1. The ratio of Kevin's age to Sana's age is 7:3. The product of their ages is 756. The ratio of their ages after 6 years will be:
Solution:
Let their ages be 7x and 3x respectively.
The product of their ages (7x)(3x) = 756
21x2= 756
x2= 756/21 = 36
x = 6
The ratio of their ages after 6 years will be (7x+6) : (3x+6)
48: 24
2: 1
2. The present ages of three persons are in the proportions 4:7:9. Eight years ago, the sum of their ages was 56. Find their present ages in years.
Solution:
Let their present ages be 4x, 7x and 9x respectively.
Eight years ago, the sum of their ages = (4x-8) + (7x-8) + (9x-8) = 56
20x-24 = 56
20x = 80
x = 4
Their present ages are 4(4) = 16 years, 7(4) = 28 years and 9(4)= 36 years respectively.
3. The ratio of the ages of a man and his wife is 4:3. After 4 years, this ratio will be 9:7. If at the time of marriage, the ratio was 5:3, then how many years ago were they married?
Solution:
Let their ages are 4x and 3x respectively.
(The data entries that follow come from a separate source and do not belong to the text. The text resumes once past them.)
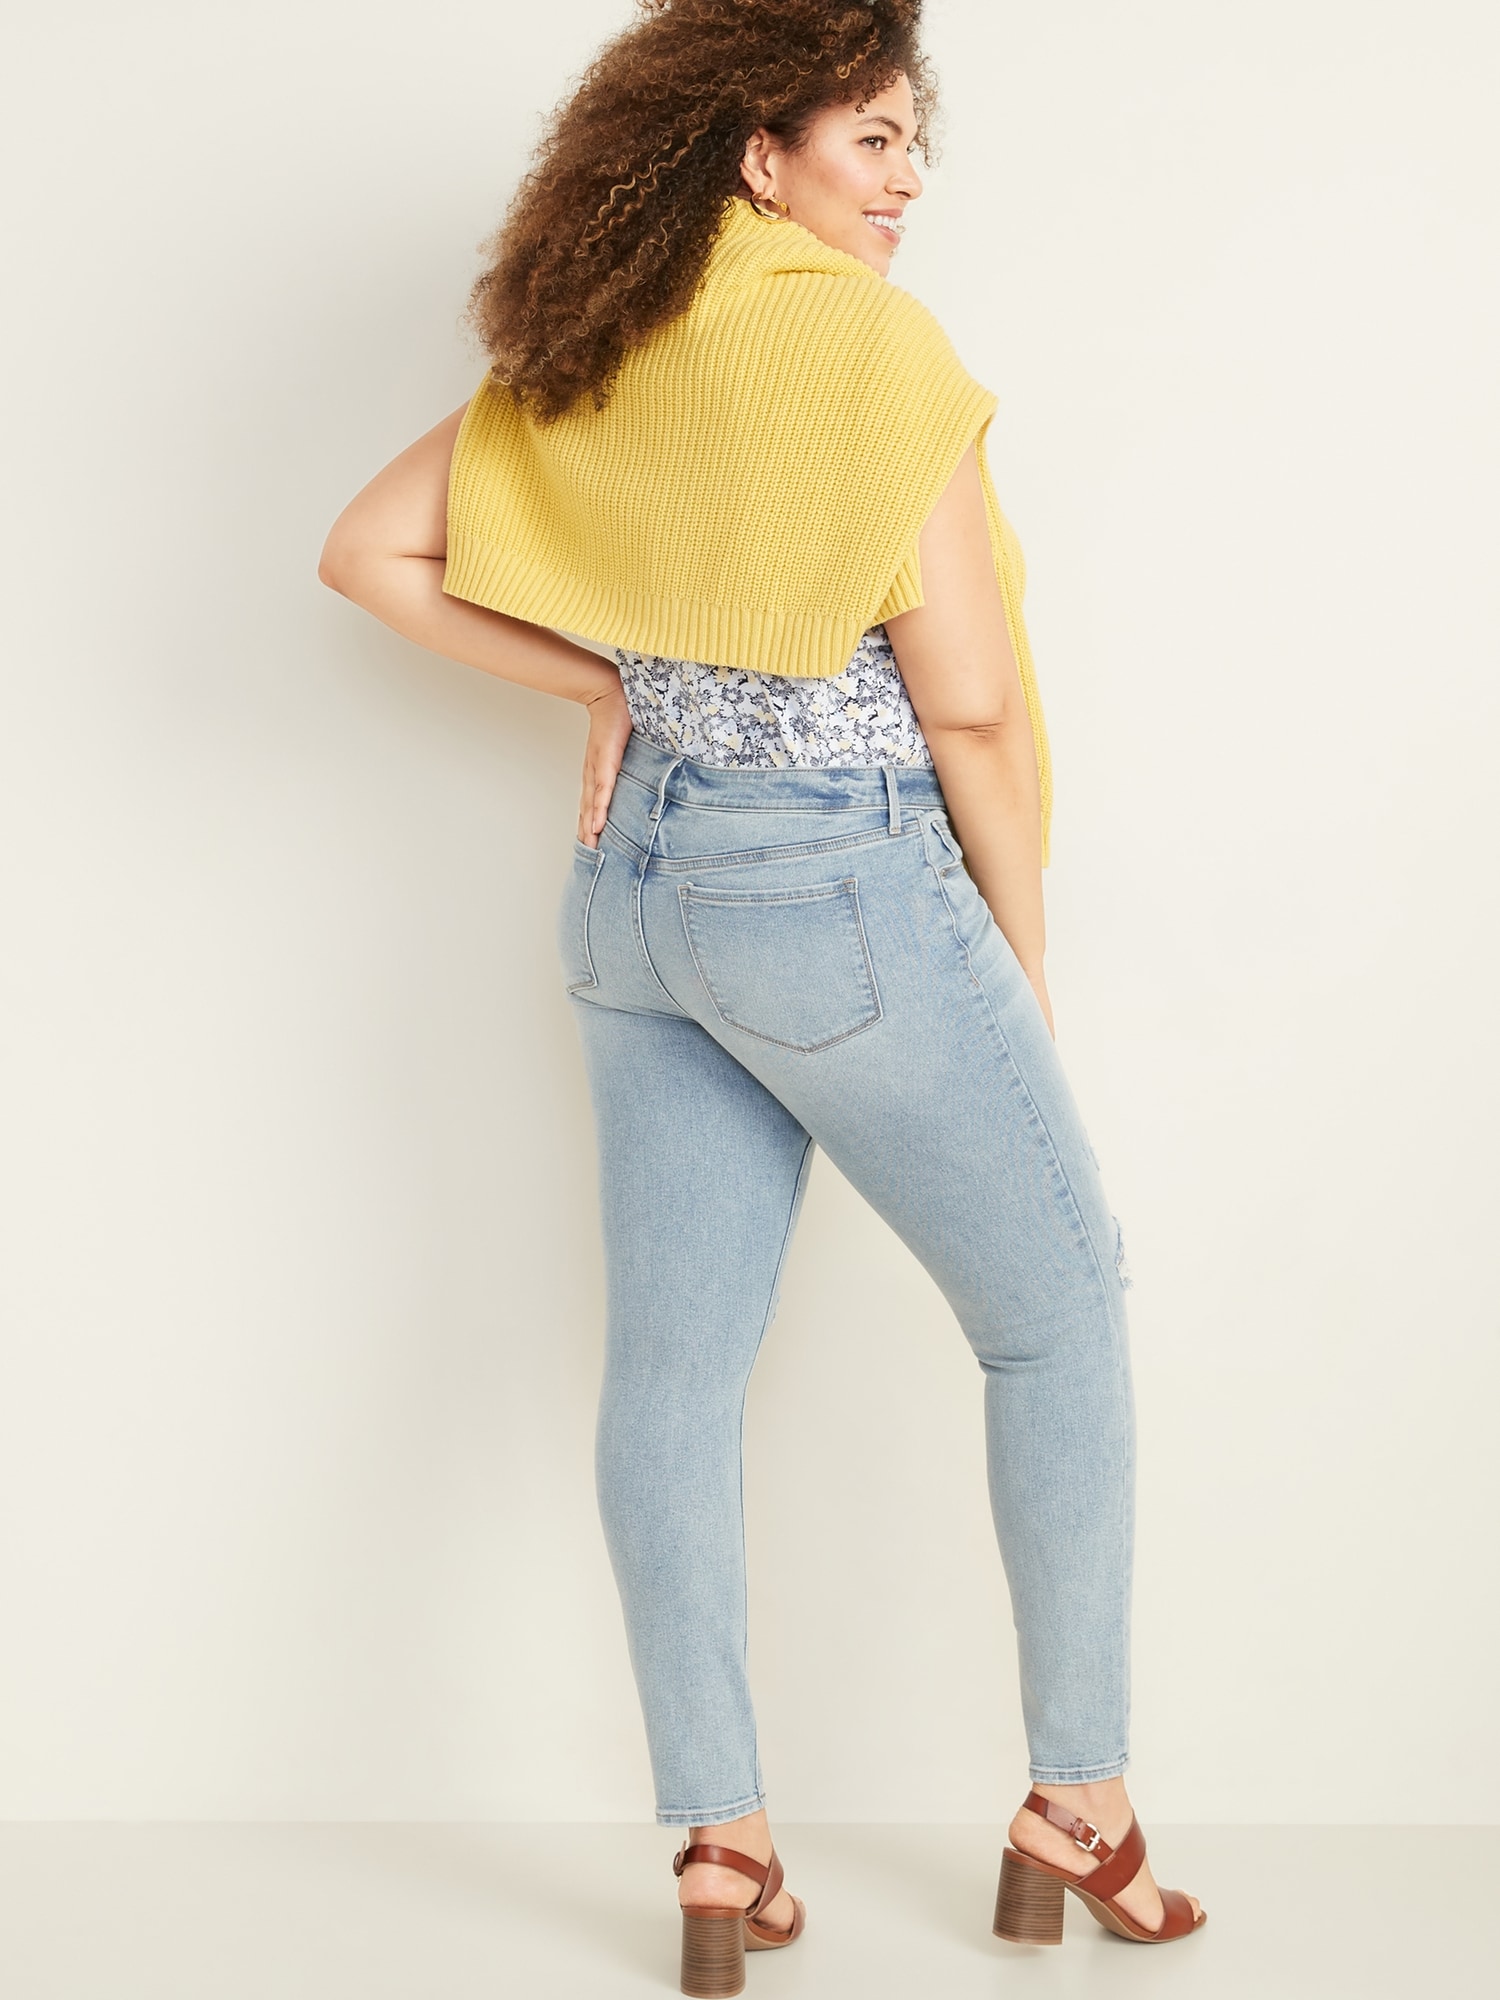 low rise button fly jeans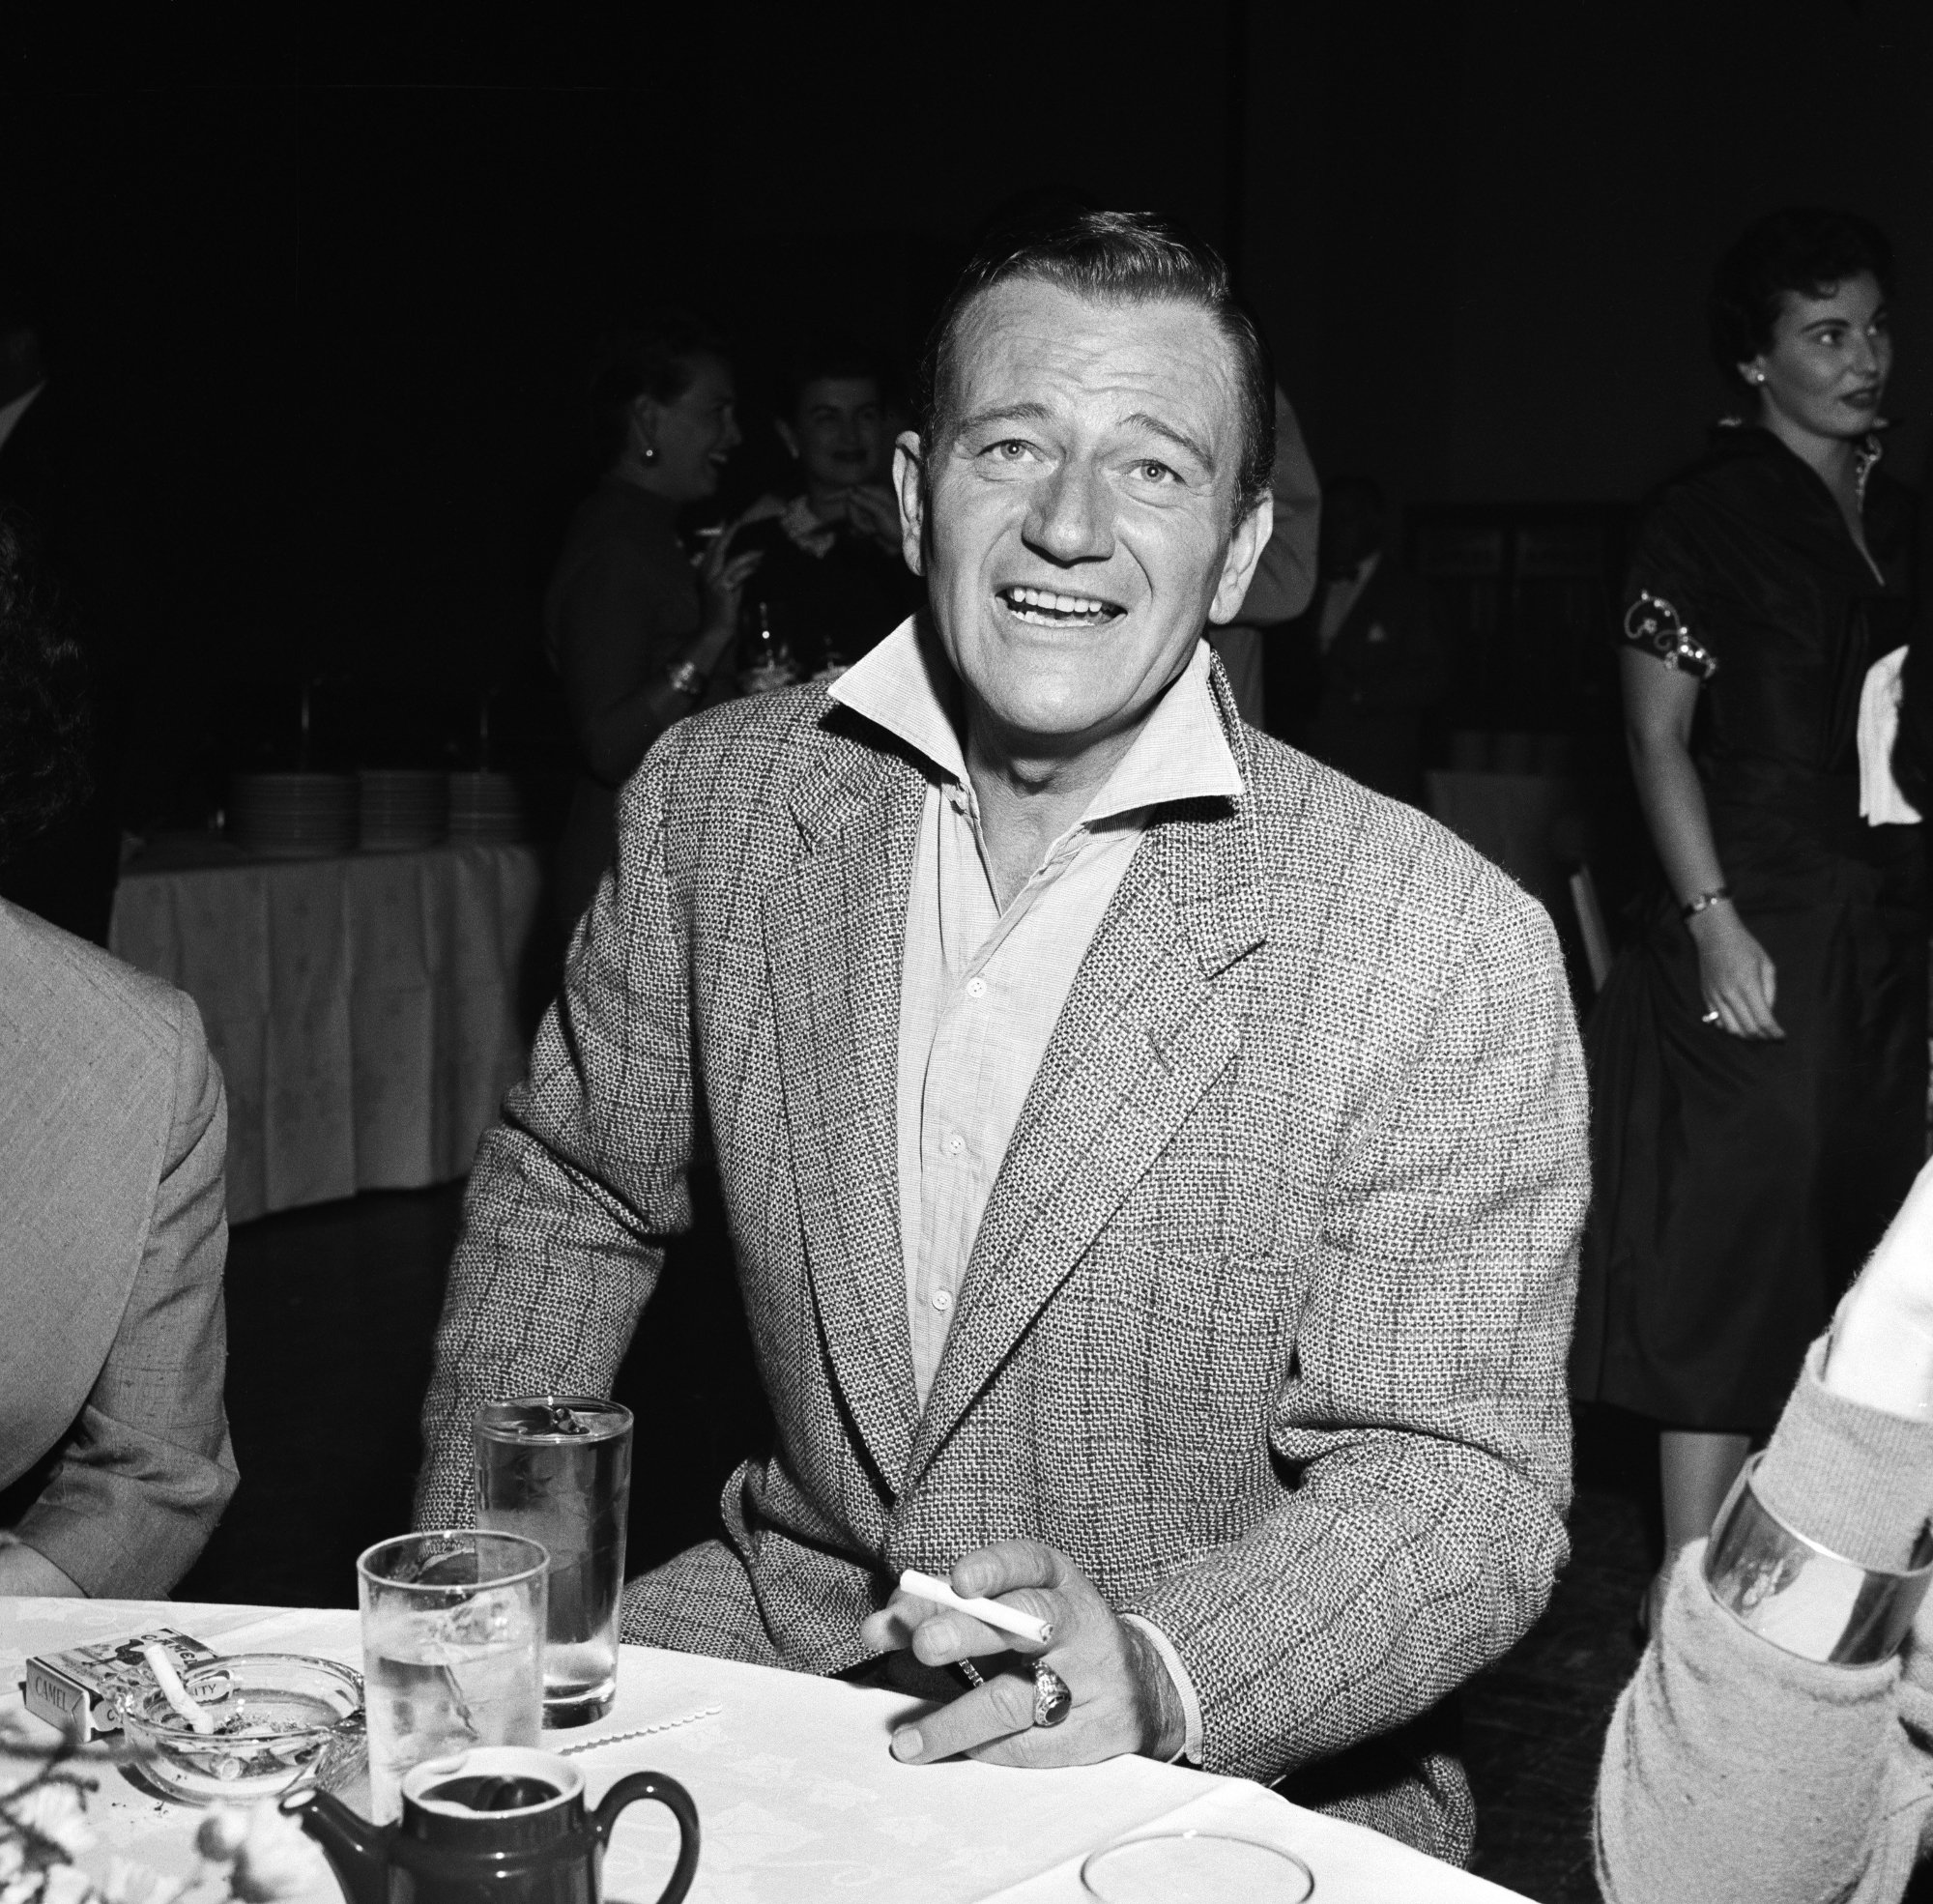 John Wayne, the actor who gave advice to Michael Caine, wearing a suit with a cigarette in his hand, sitting at a table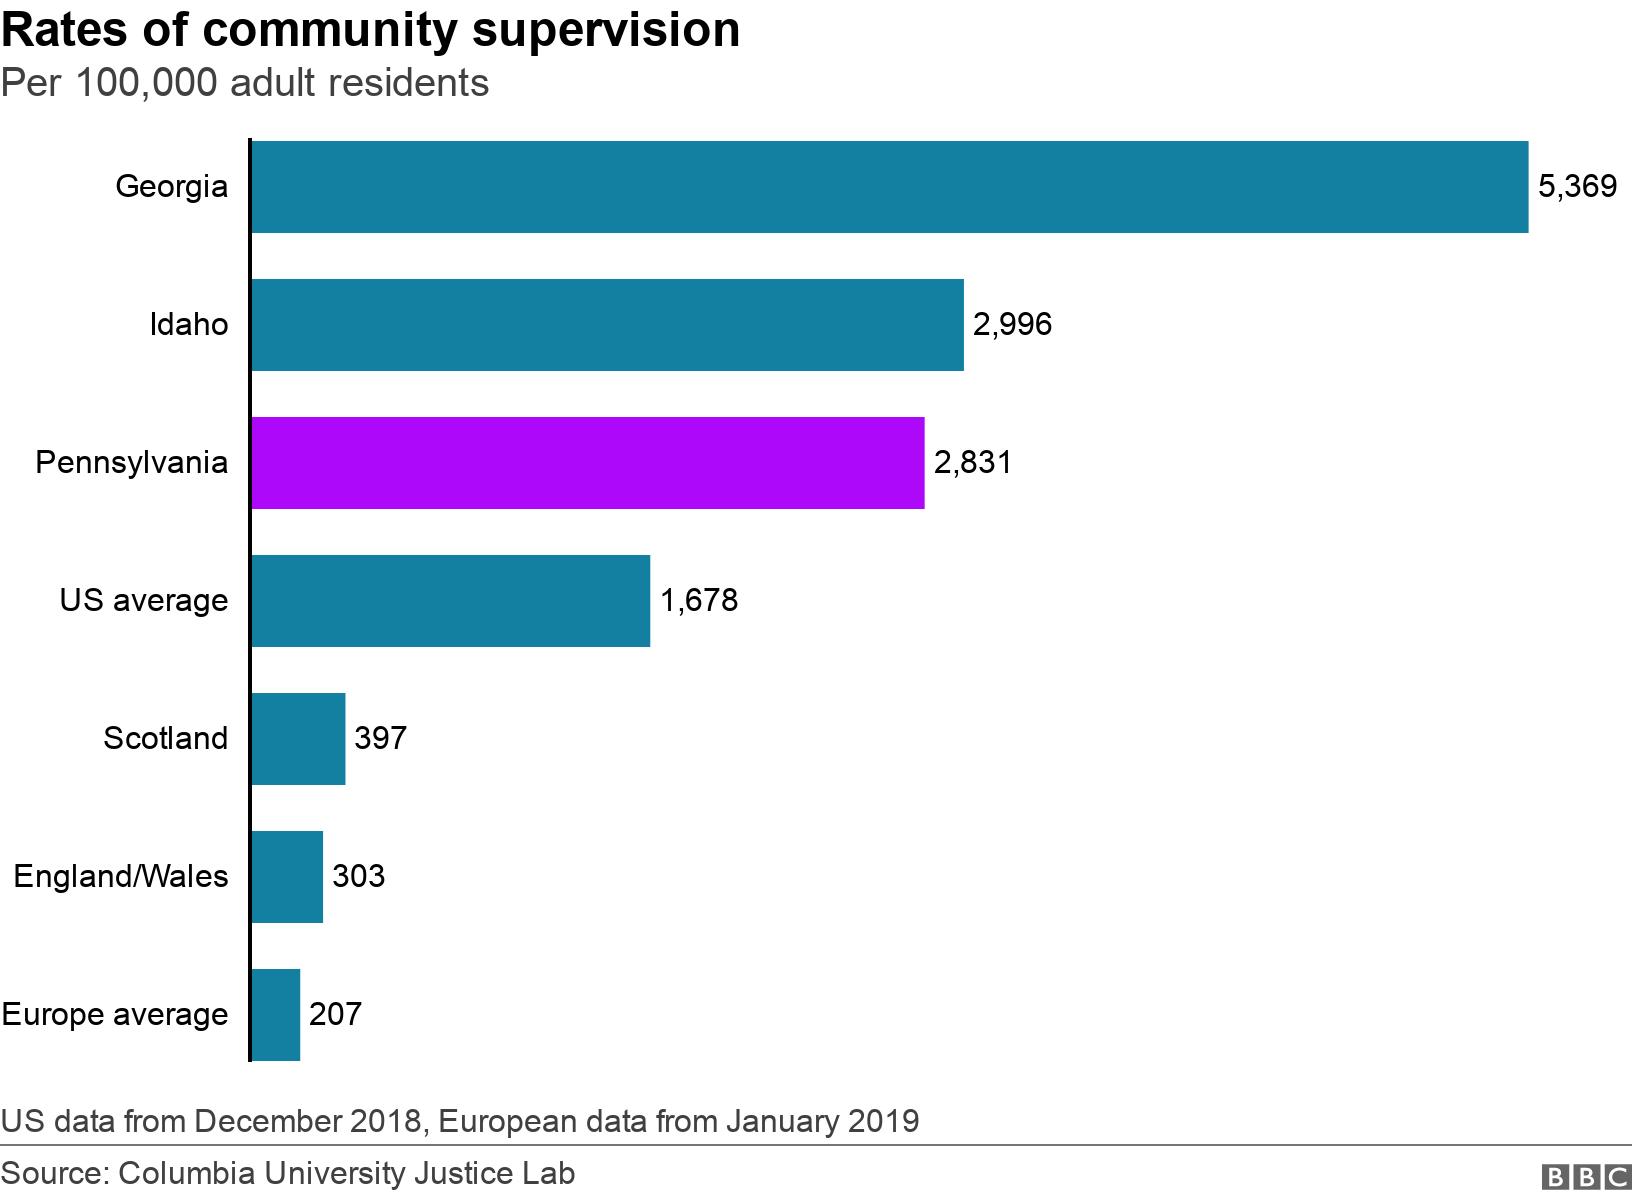 Rates of community supervision. Per 100,000 adult residents.  US data from December 2018, European data from January 2019.

After 4 years, the ratio will be 9:7
So, (4x+4)/(3x+4) = 9/7
7(4x+4) = 9(3x+4)
28x+28 = 27x+36
x = 8
Their ages are 32 and 24 years respectively.
At the time of marriage, the ratio was 5:3
They were married 'a' years ago.
Hence, (32-a)/(24-a) = 5/3
3(32-a) = 5(24-a)
96-3a = 120-5a
2a = 24
a = 12 years.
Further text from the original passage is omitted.